WHAT YOU WILL DO.
Before returning the data, strip out the pictures and keep everything else exactly the same.

[Opening DATA EXCERPT section]

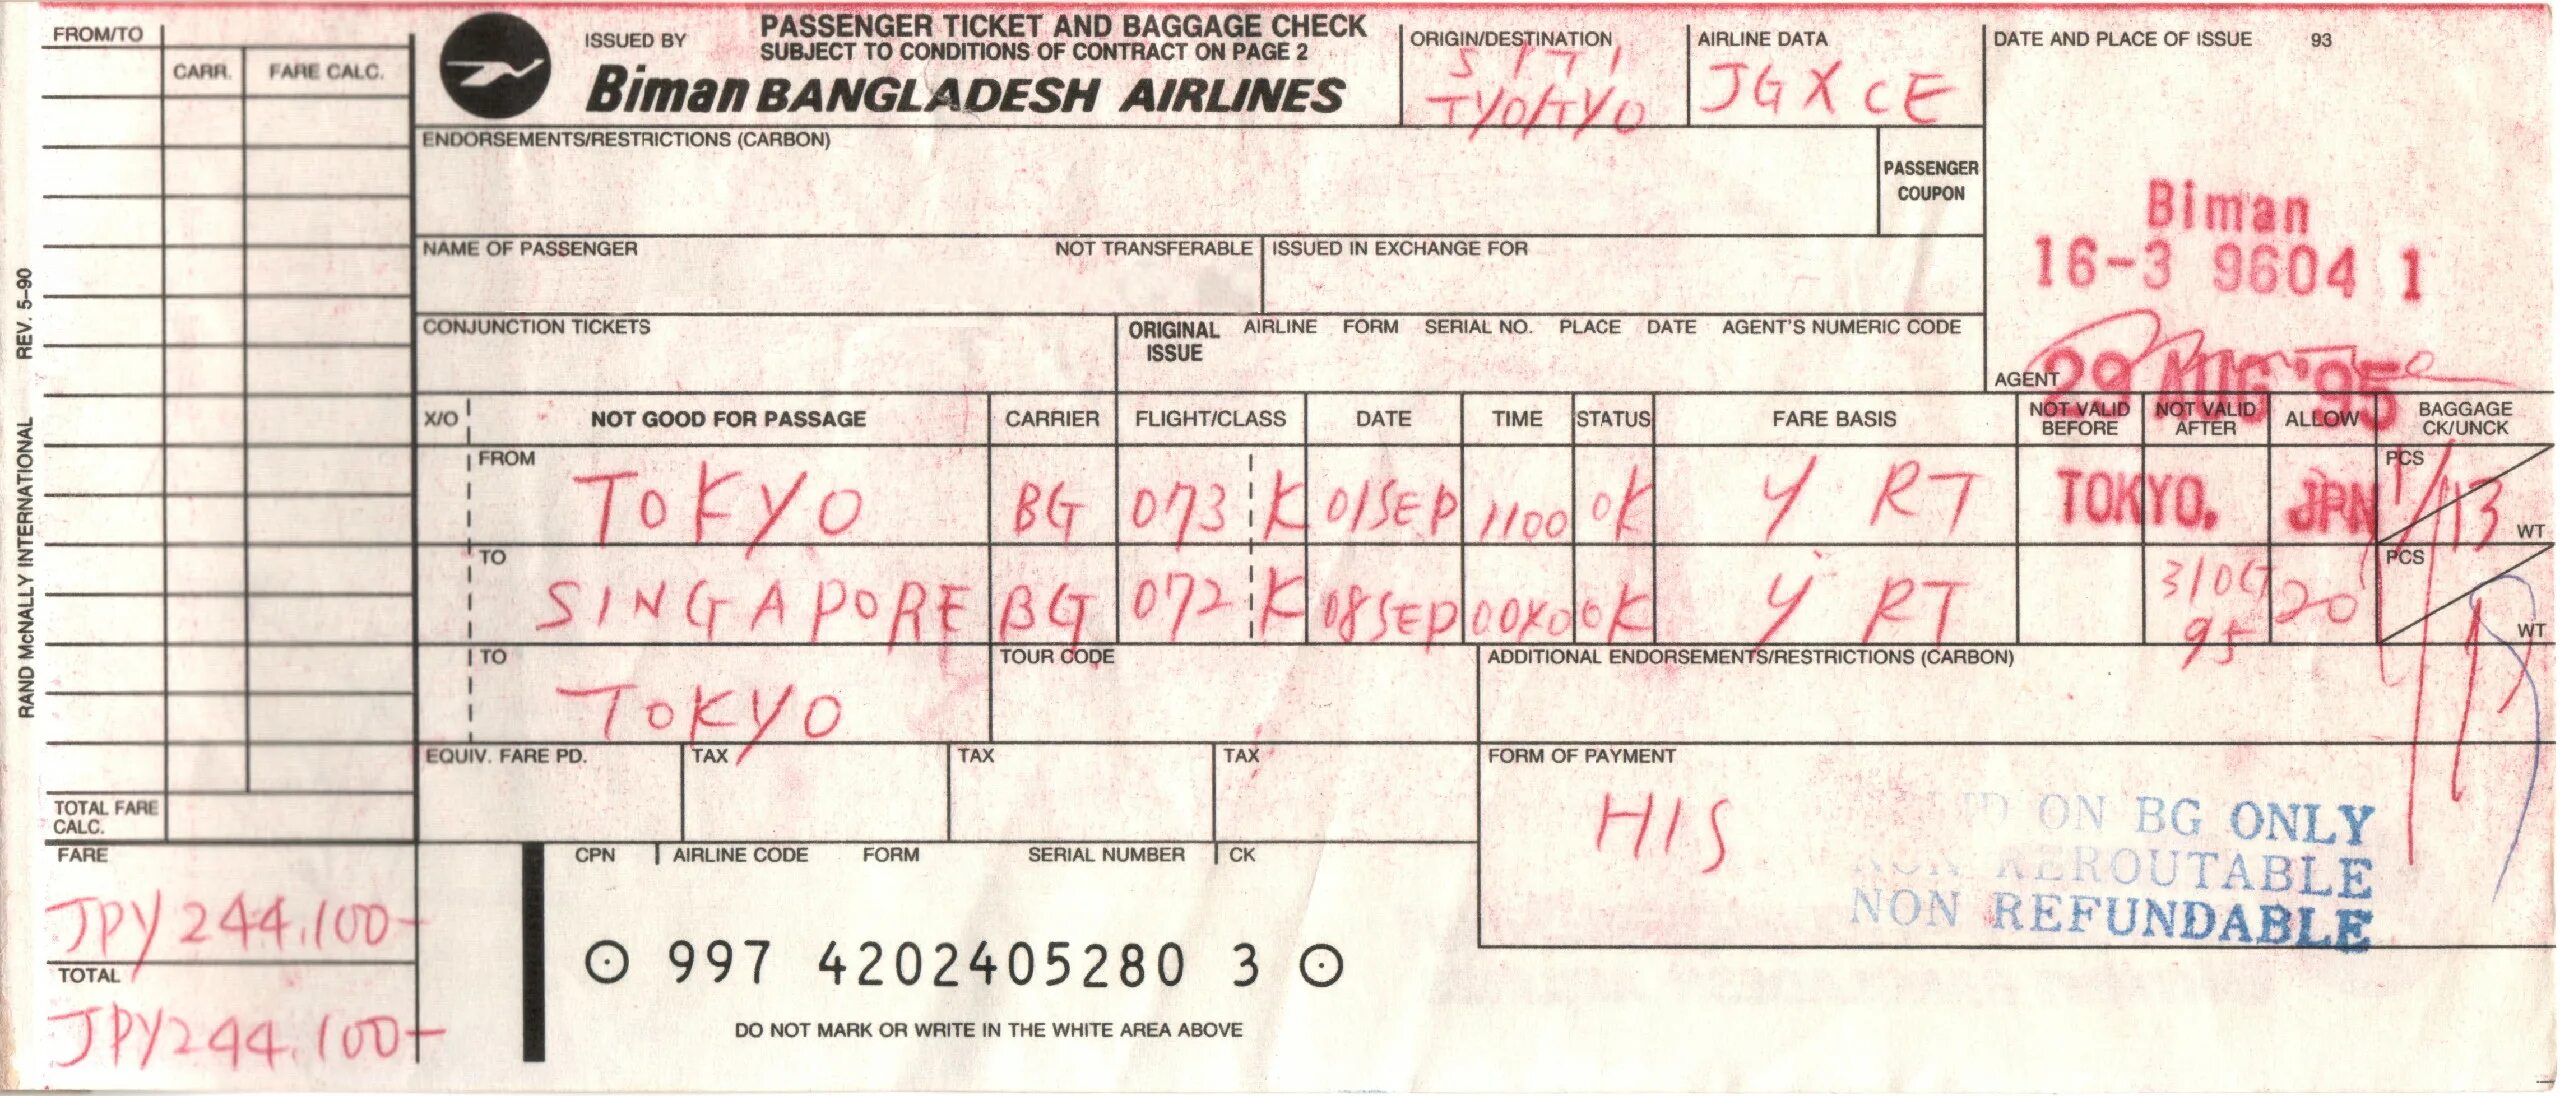 Ticket issued. Бангладеш билеты. Baggage ticket number. Эфиопские авиалинии бланк возврата. Check my ticket.
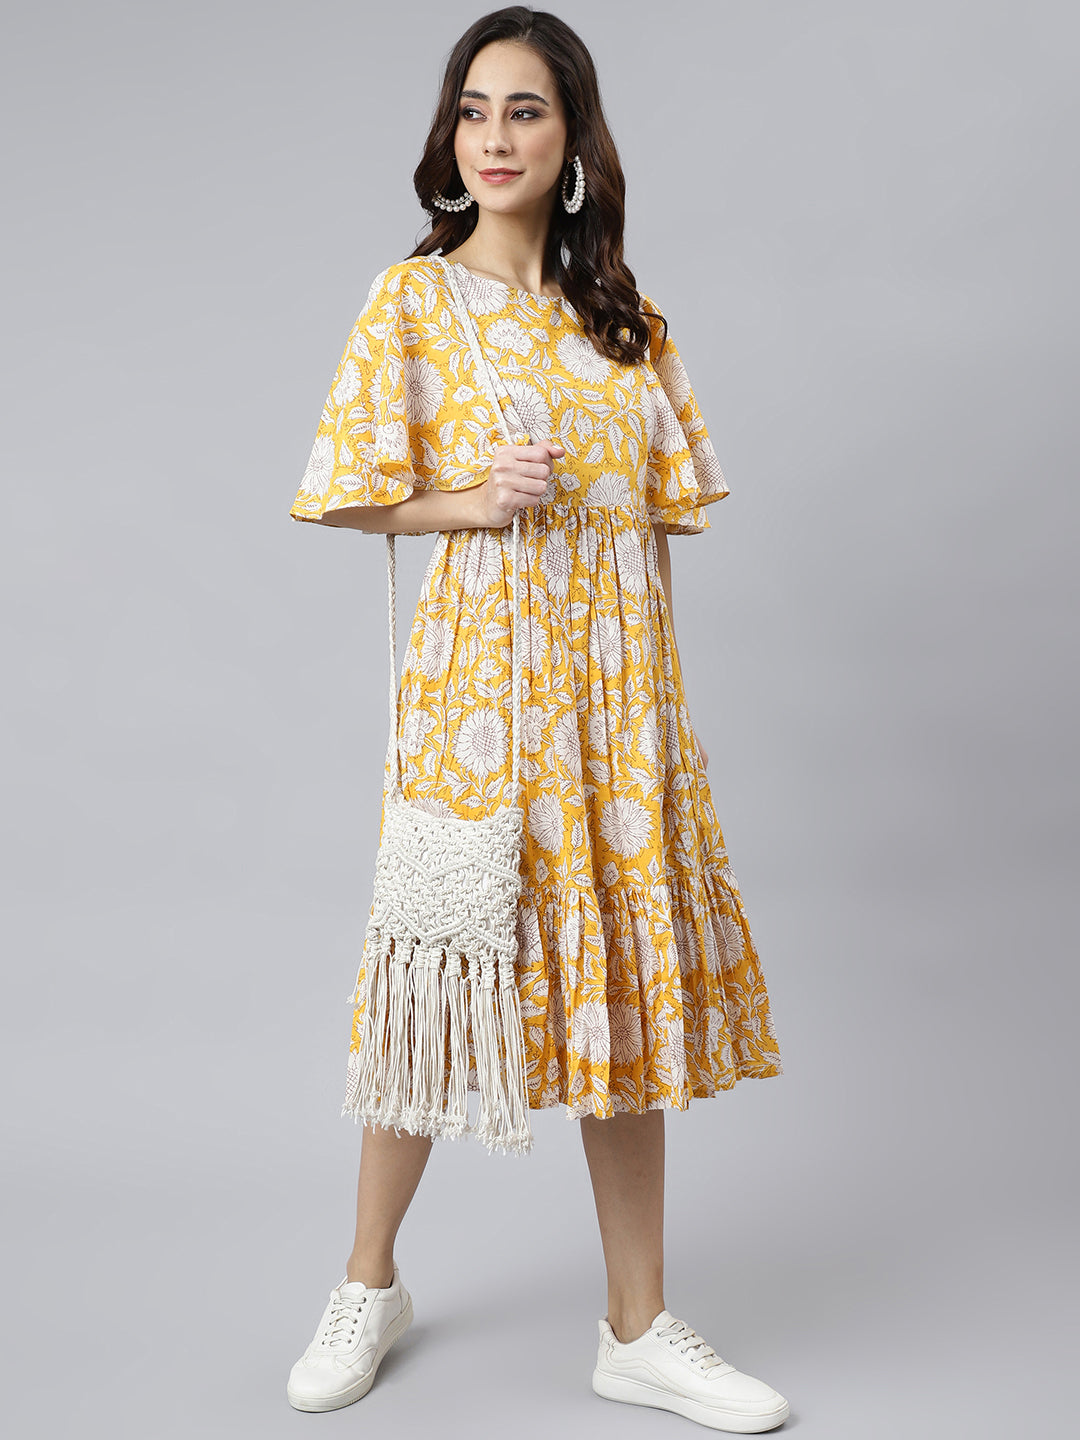 Women's Floral Printed Yellow Cotton Dress - Janasya USA
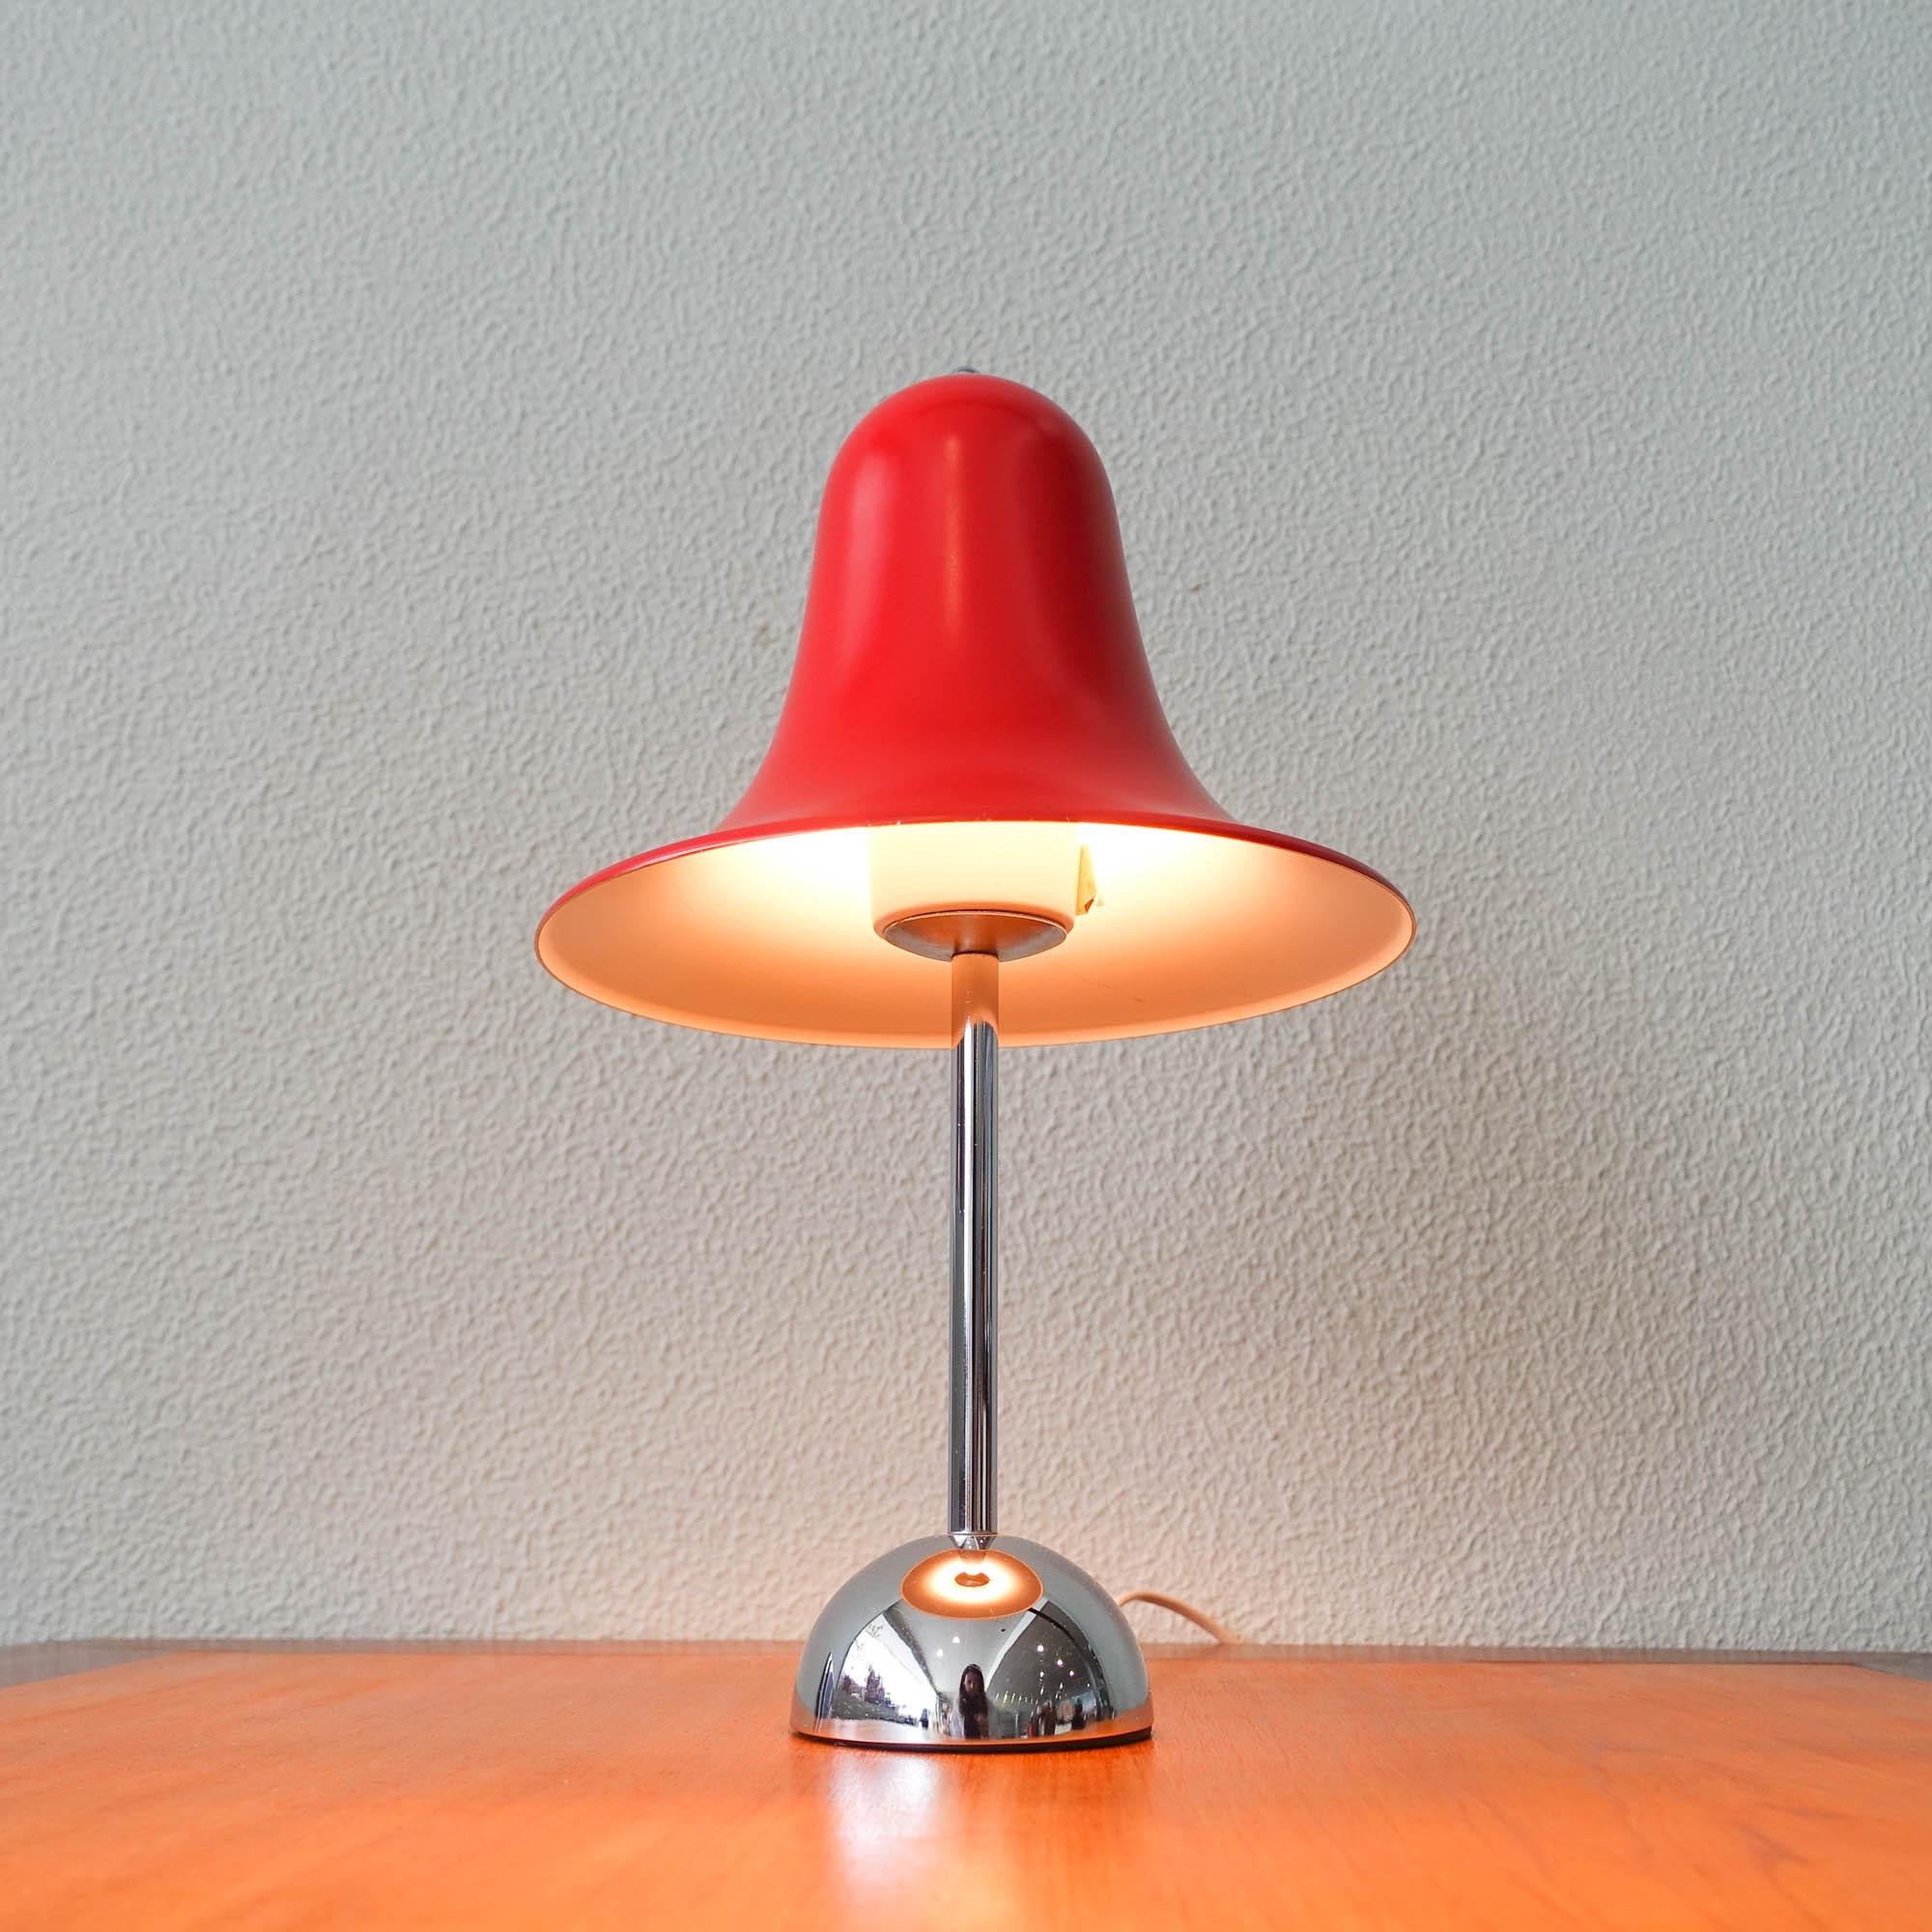 Mid-Century Modern Pantop D Table Lamp by Verner Panton for Elteva Danmark A/S

[Closing DATA EXCERPT section]

WRITTEN SOLUTION.
 Ticket issued. Бангладеш билеты. Baggage ticket number. Эфиопские авиалинии бланк возврата. Check my ticket.
 Women's Floral Printed Yellow Cotton Dress - Janasya USA
 Mid-Century Modern Pantop D Table Lamp by Verner Panton for Elteva Danmark A/S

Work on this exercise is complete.